The natural logarithm preserves computability on positive reals. Workers verifying that Recognition Science constants remain algorithmically approximable cite this when confirming that logs of derived quantities stay inside the computable reals. The proof is a one-line wrapper invoking a global instance for the logarithm operation.

Claim. If a real number $x > 0$ admits an algorithm that, for every $n$, produces a rational $q$ with $|x - q| < 2^{-n}$, then the same holds for $ln x$.

background

The Computable class, defined in this module, states that a real admits a sequence of rational approximations with error less than $2^{-n}$. The module addresses the distinction between classical proof machinery and output computability for Recognition Science constants.

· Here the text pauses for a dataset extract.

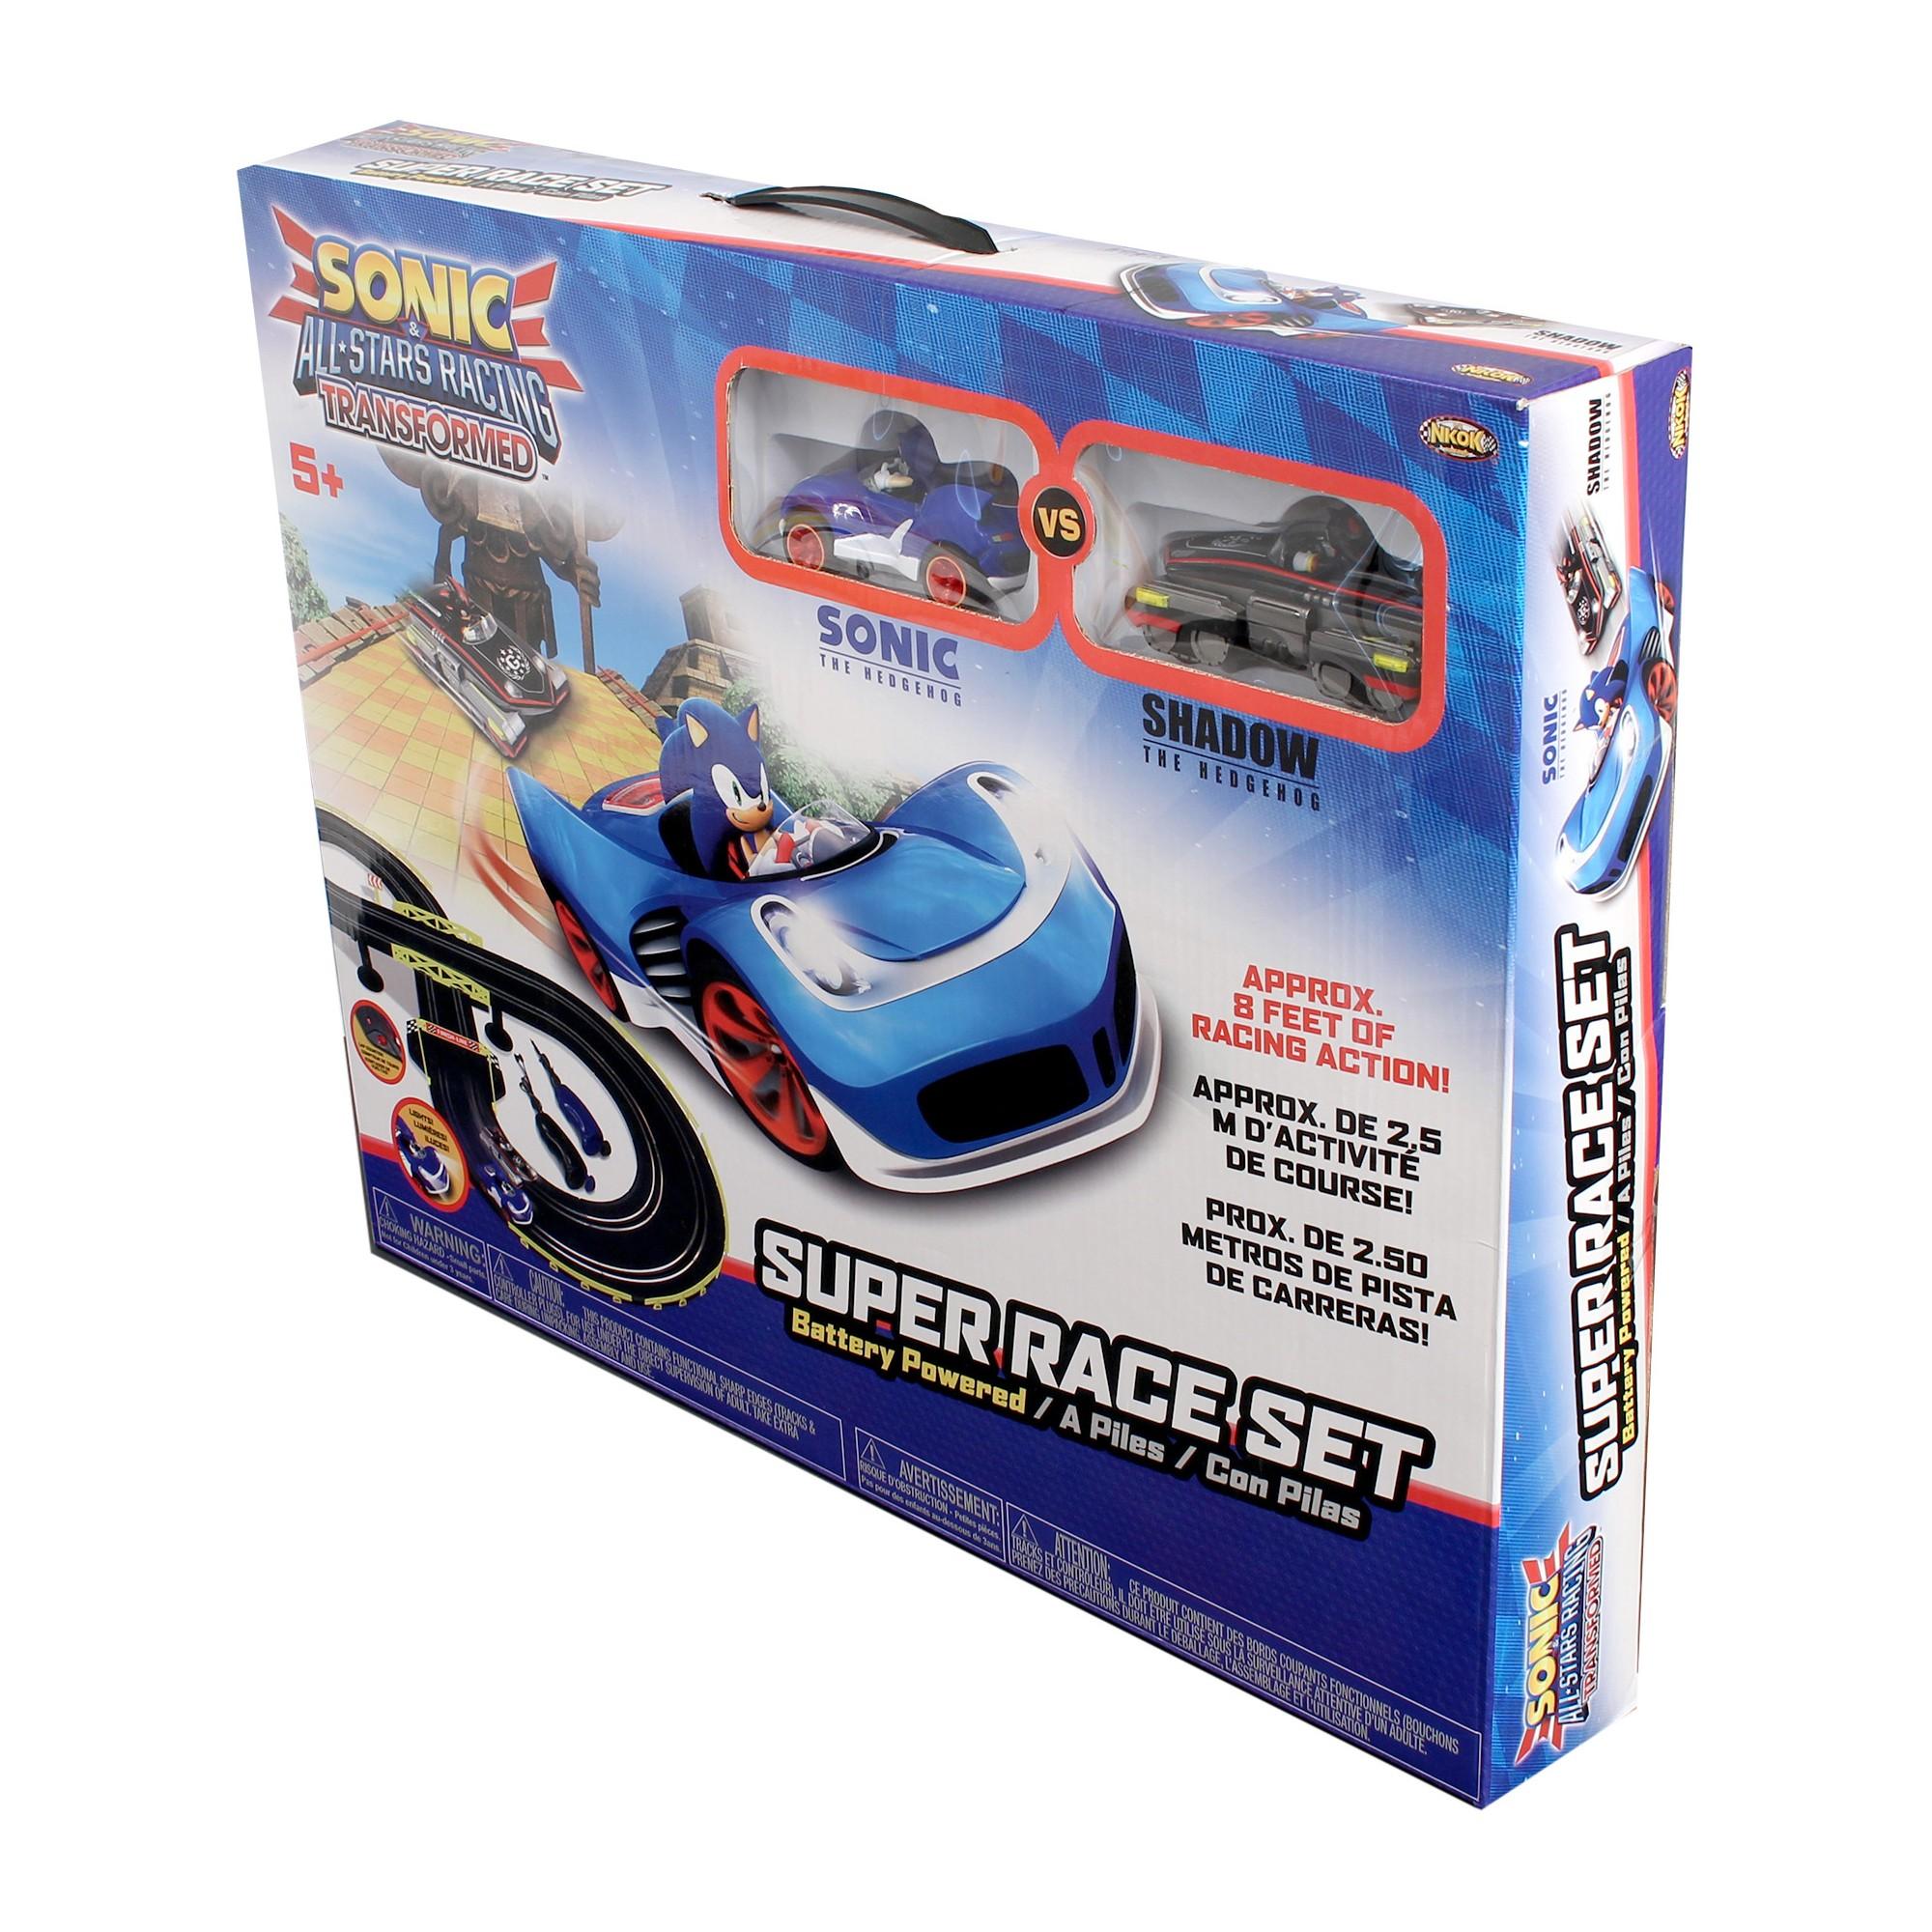 Nkok Rc Sonic The Hedgehog All Stars Racing Transformed Slot Slot Car Sets Sonic Shadow Racing

It notes that quantities such as $pi$ and $phi$ remain computable even when proofs use classical logic, and that the derived constants satisfy the algorithmic approximation property regardless of the logic employed in their derivation.

proof idea

One-line wrapper that applies infer_instance to the global classical instance for Real.log on positive reals.

why it matters

This theorem is invoked directly by log_phi_computable to establish that ln phi is computable. It supports the module's resolution of the classical-versus-constructive objection by confirming that logarithms of RS-native constants remain algorithmically accessible. The result aligns with the framework's emphasis on computable outputs for constants such as hbar = phi^{-5} and the phi-ladder mass formula.